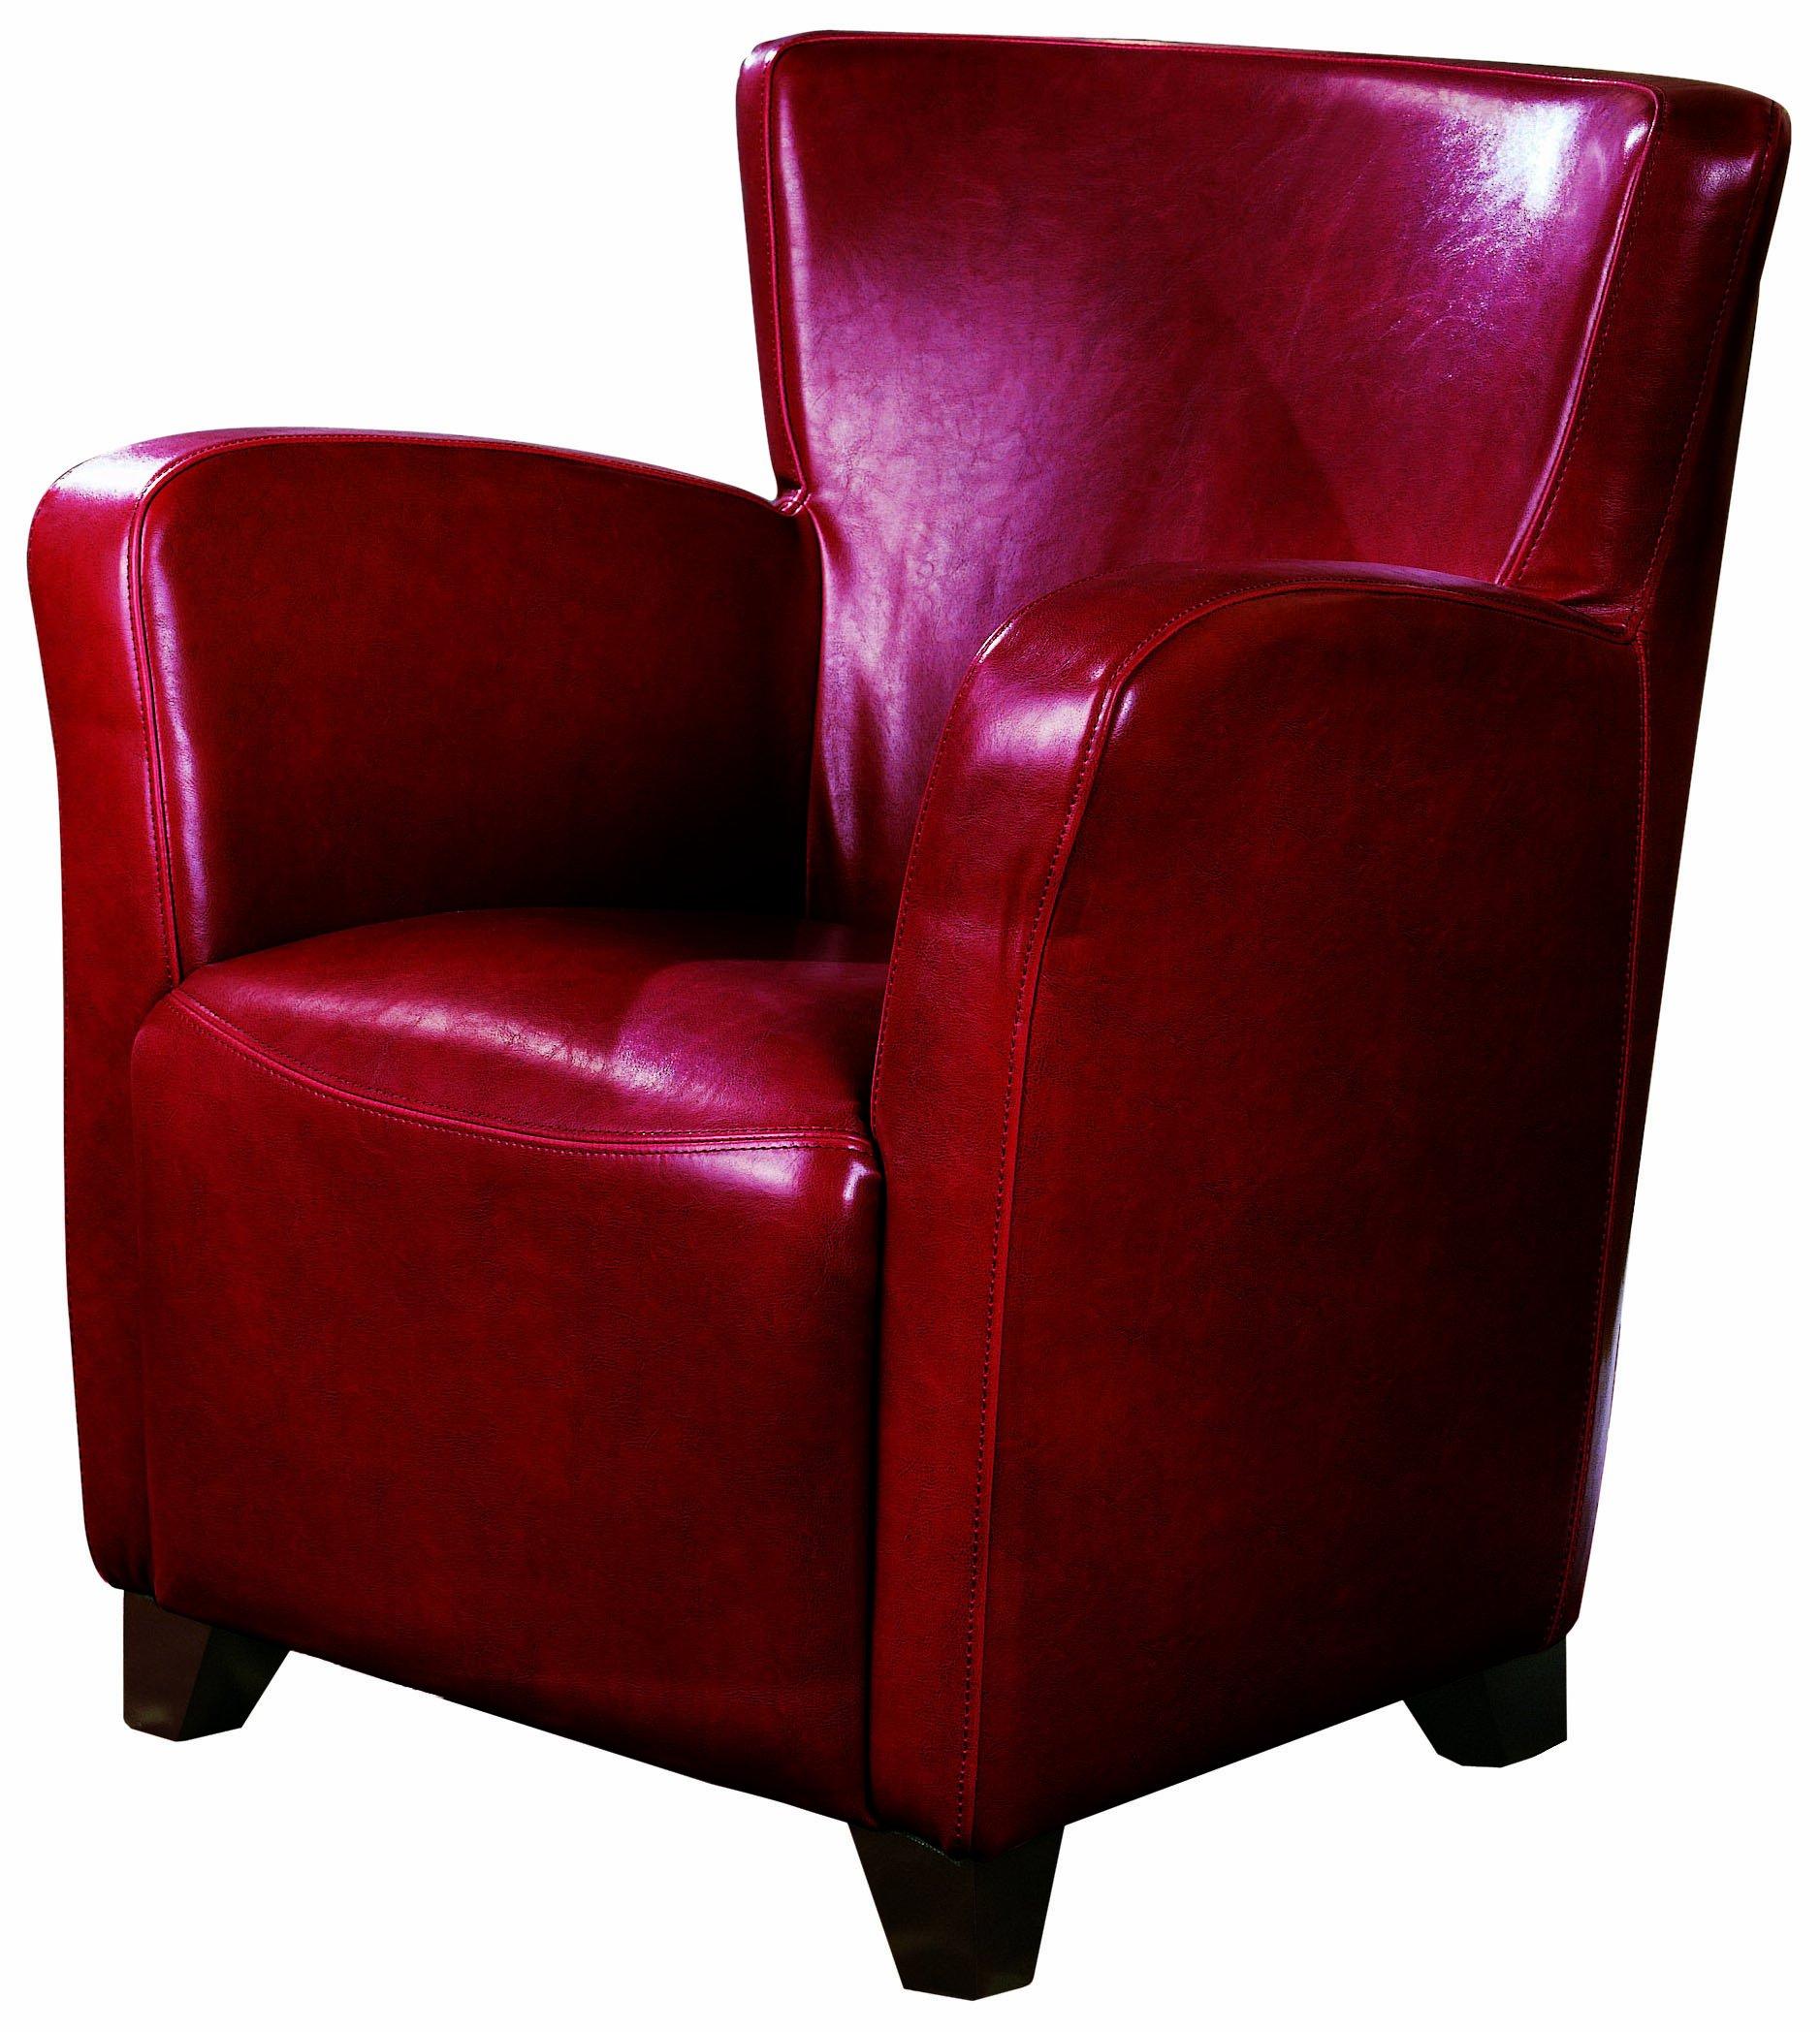 Coaster Accent Chair Red Burgundy Polyurethane FurnitureNdecor
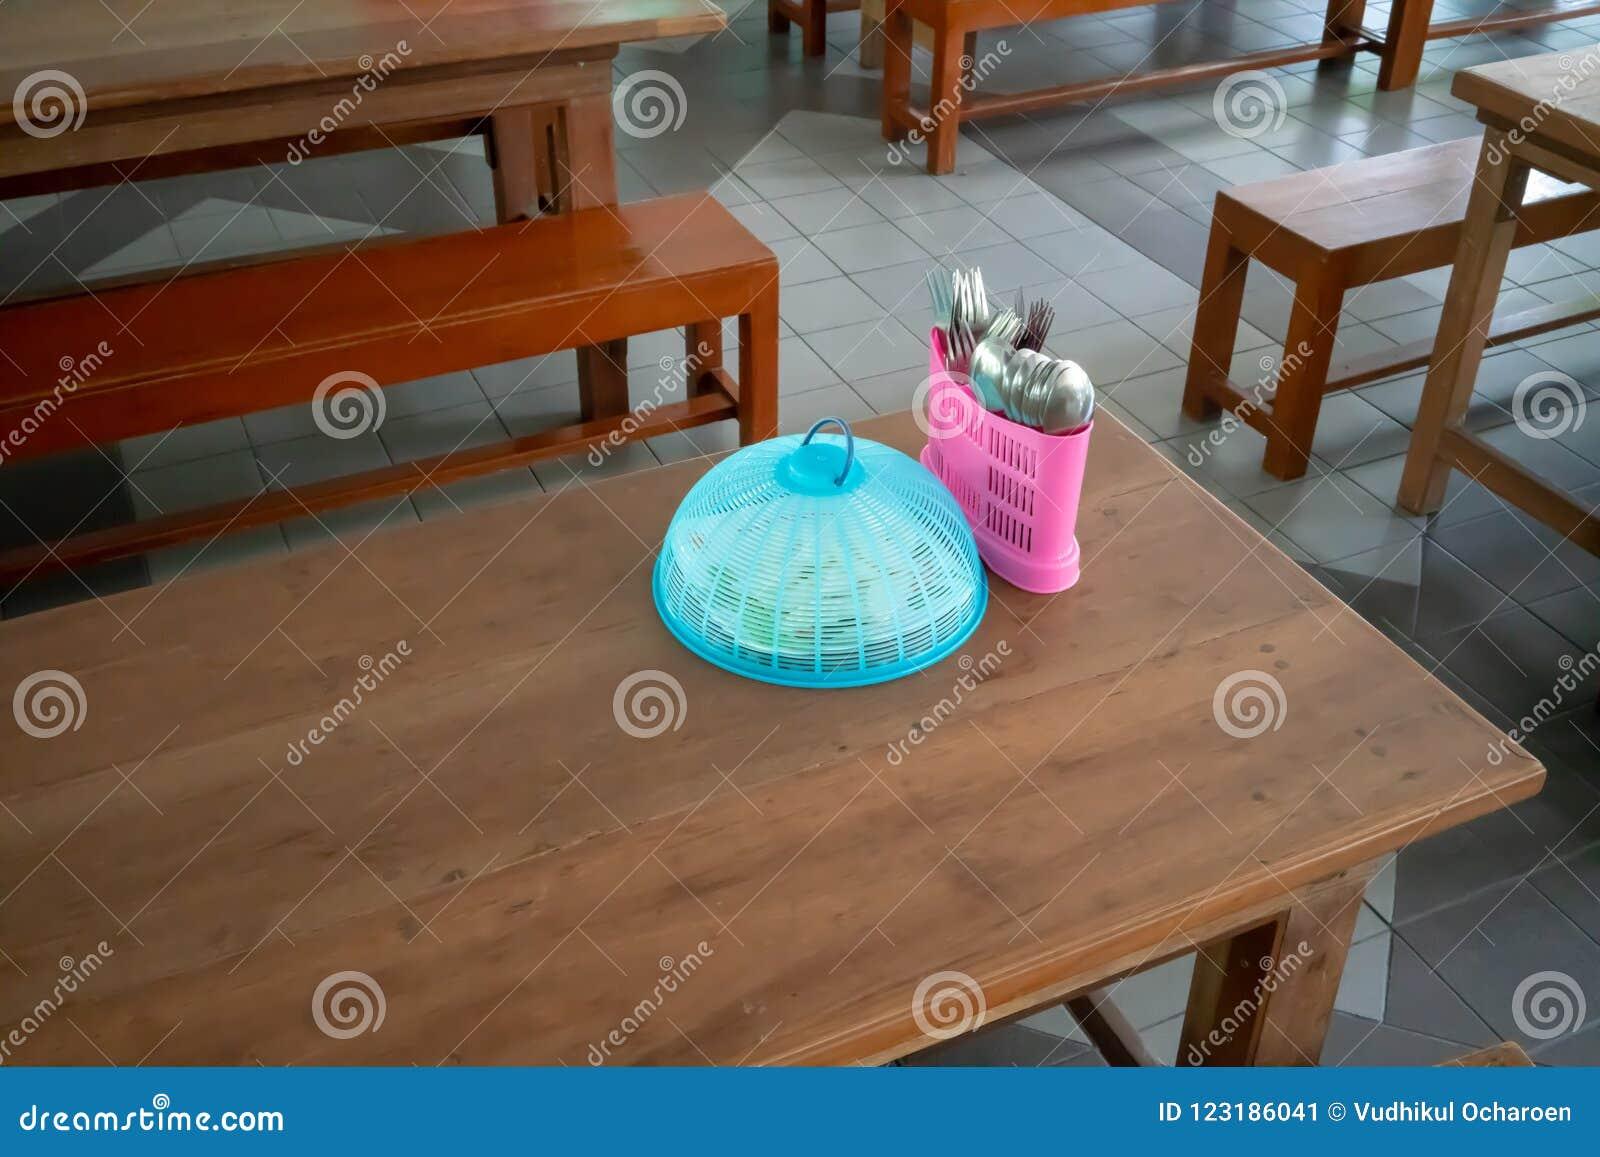 Incredible Wooden Table Set Up With Long Bench For Kindergarten Creativecarmelina Interior Chair Design Creativecarmelinacom
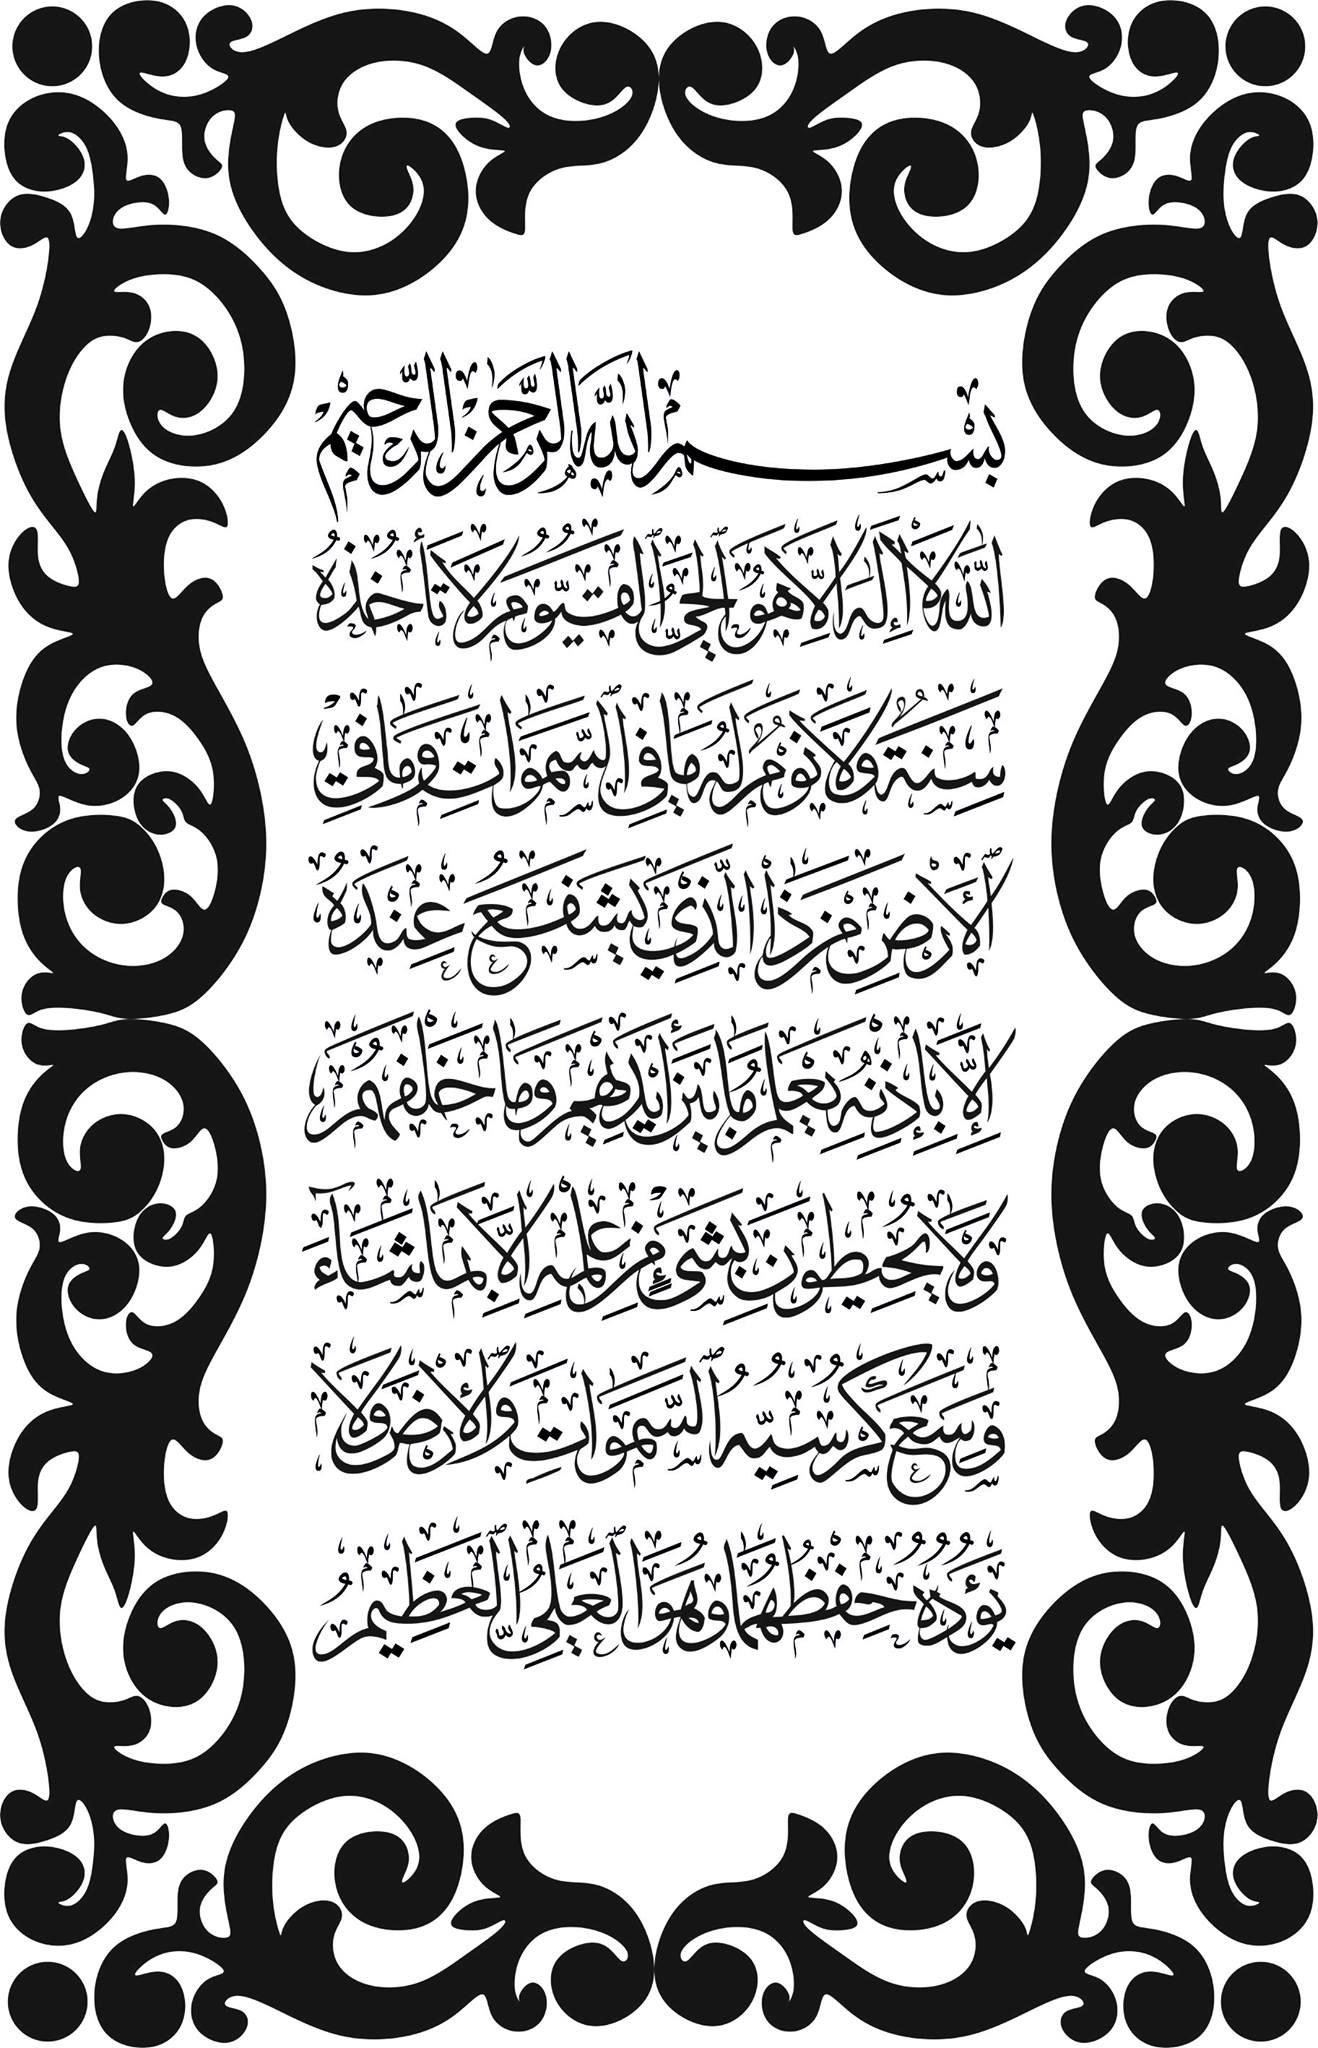 Kaligrafi Ayat Kursi Hd : kaligrafi, kursi, Kursi, Islamic, Vector, Image, Calligraphy, (#585426), Wallpaper, Backgrounds, Download

» TASK TO COMPLETE
Skipping any pictures, transcribe the full listing exactly.

» EXPECTED OUTPUT
 Coaster Accent Chair Red Burgundy Polyurethane FurnitureNdecor
 Incredible Wooden Table Set Up With Long Bench For Kindergarten Creativecarmelina Interior Chair Design Creativecarmelinacom
 Kaligrafi Ayat Kursi Hd : kaligrafi, kursi, Kursi, Islamic, Vector, Image, Calligraphy, (#585426), Wallpaper, Backgrounds, Download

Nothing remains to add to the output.